A recent decision of the High Court, however, has cast some doubt on this. It suggests that there may be situations which fall into a sort of ‘halfway house’ between domestic and commercial, and that in this case the burden of overturning the presumption may be affected. In Sadler v Reynolds, the alleged contract was between a journalist and a businessman who were friends. The journalist wanted to ghost-write the autobiography of the businessman, who had had a ‘rags to riches’ life, involving more than one spell in prison. The judge, Elizabeth Slade QC, suggested that the agreement fell ‘somewhere between an obviously commercial transaction and a social exchange.’ The onus was on the journalist to prove that there was an intention to create legal relations, ‘albeit that the onus was a less heavy one than that which would be required to establish such an intent in the context of a purely social relationship.’ The judge held that it was up to the journalist to prove that it was binding. It follows that, social arrangements between friends who are not related, or household agreements between a couple living together, but not married, should come into the category of ‘domestic,’ and therefore be presumed not to be binding.

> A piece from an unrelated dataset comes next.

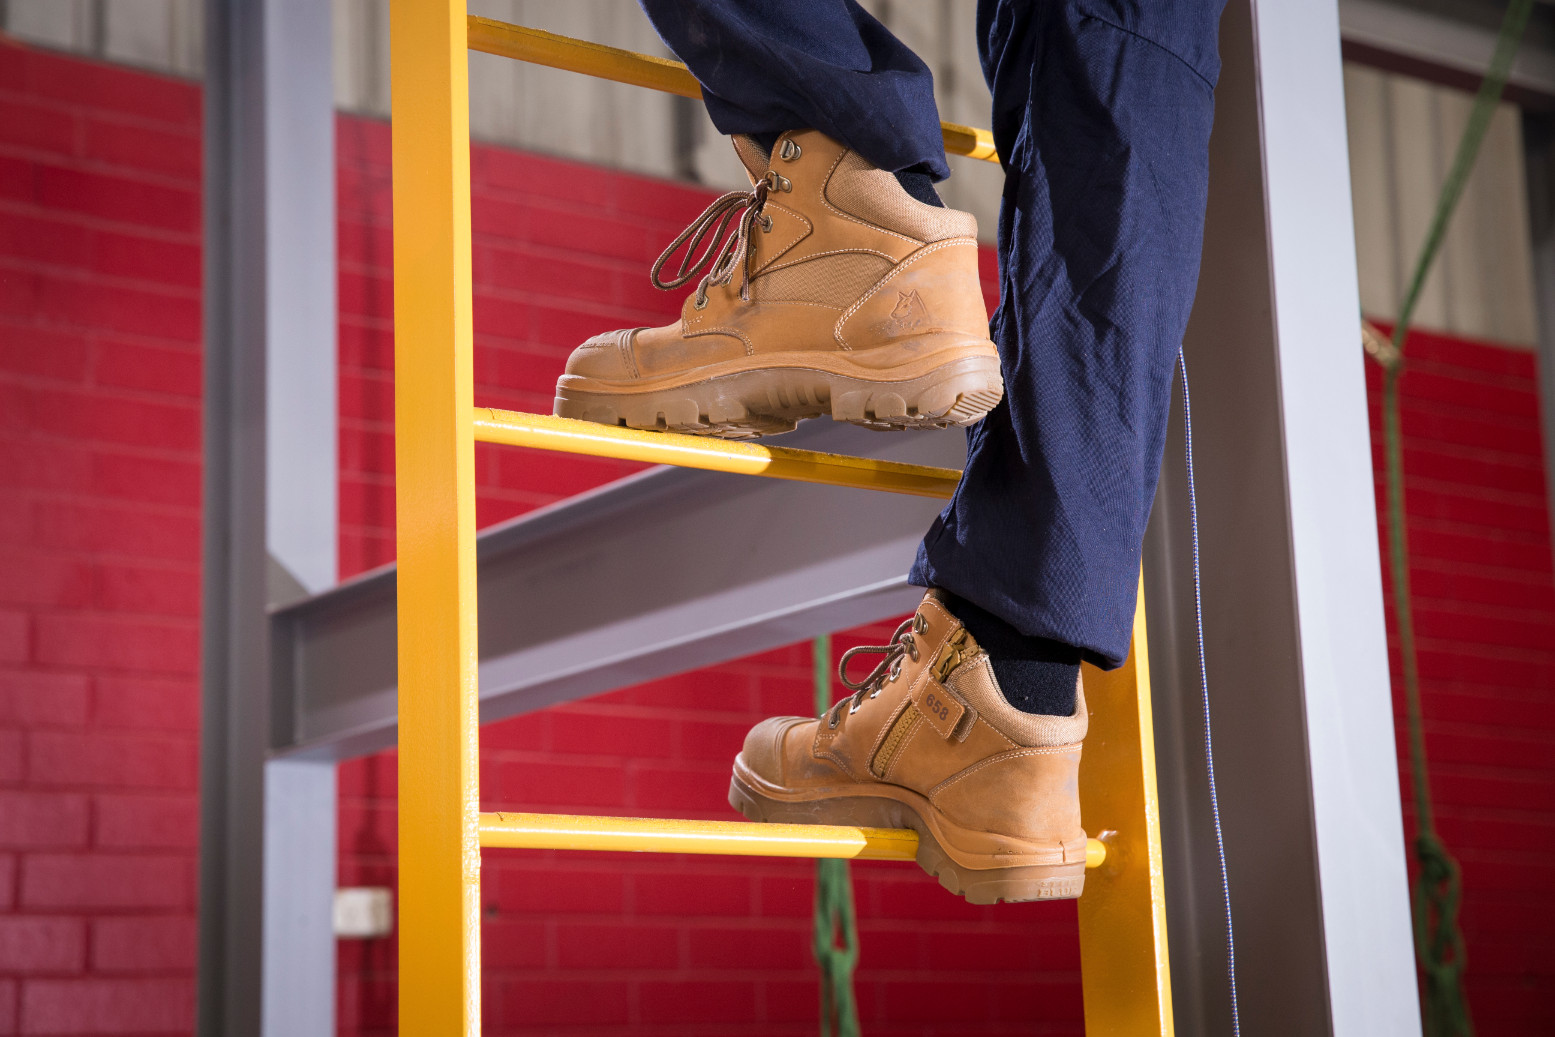 Mens Work Boots - Parkes Wheat Scuff Cap going up the Ladder

The second point is that, since the rule is simply based on a presumption, it will always be possible for that presumption to be rebutted. In Merritt v Merritt, for example, an arrangement between a husband and wife similar to that agreed in Balfour v Balfour, but here made in the context of the break-up of the marriage, was held to be legally binding. Lord Denning distinguished Balfour v Balfour in the following terms:
The context in which the agreement was made was such therefore that although it prima facie concerned a domestic matter, the support of a wife by her husband, the presumption that it was not intended to be binding was rebutted. What will be the position in relation to agreements other than between spouses? The same principles apply, as is shown by Simpkins v Pays.

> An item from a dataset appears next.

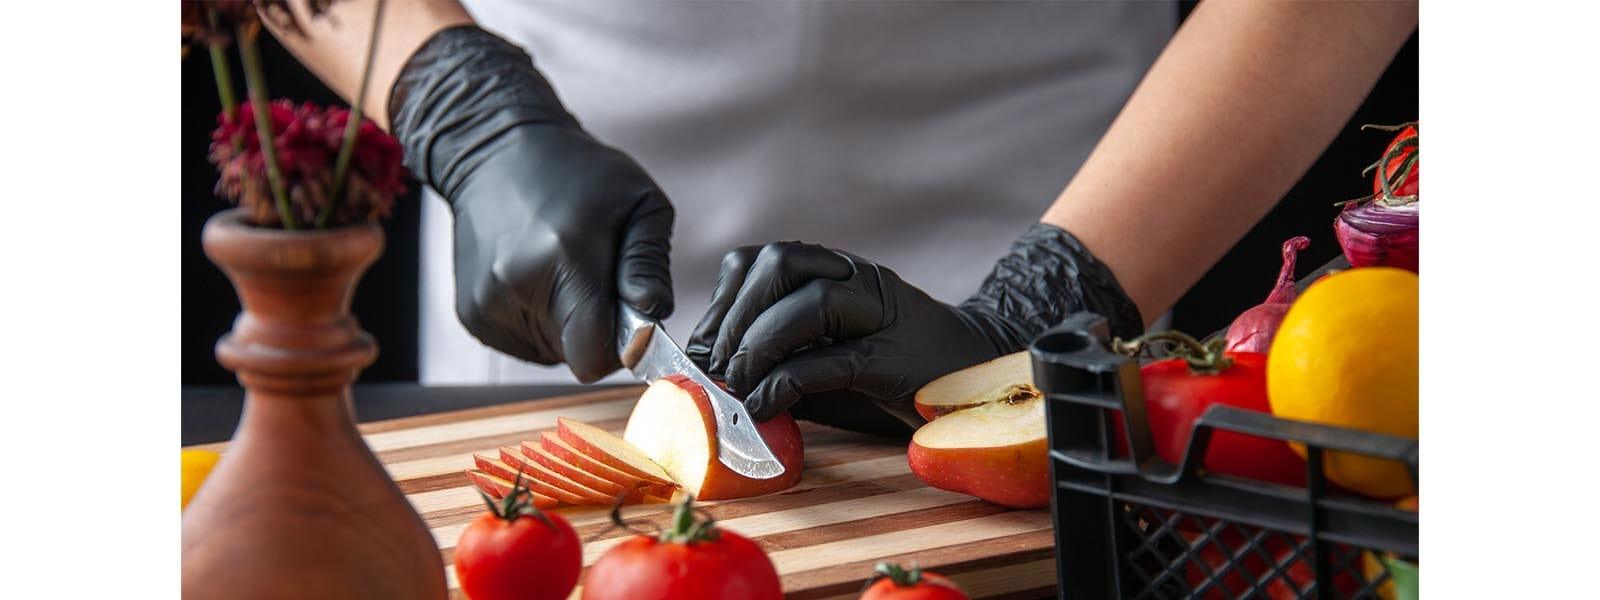 Should Chefs Wear Disposable Gloves?

This involved an agreement which is of relevance to the increasing numbers of people involved in national lottery ‘syndicates.’ The Claimant, the defendant and the defendant’s granddaughter lived in the same house and regularly entered a competition, which required the listing of eight items in order of merit. Each of the three women made a listing, and the three entries were submitted on one form. There was no fixed arrangement as to who paid the entry fee or the postage, but the form was submitted in the defendant’s name. When one of the lines won £750, which was paid to the defendant, the claimant sued to recover a third of this share. The judge held that there was, on the evidence, an agreement to ‘go shares’ if one of the lines won, and that this was intended to be legally binding.
Finally, it should be noted that the question of whether or not, if the agreement is broken, the innocent party would in practise go to the courts to enforce it should not be regarded as being conclusive as to whether there was an intention to create legal relations. There are many minor commercial agreements where the parties would be unlikely to consider it to be worth involving the courts to remedy a breach. Nevertheless, such agreements are clearly intended by the parties to affect their legal relations and to create binding obligations. Moreover, even in relation to substantial commercial transactions, research has shown that parties often prefer to settle disputes in ways which do not involve recourse to lawyers. This does not mean that they do not intend their agreements to be legally binding.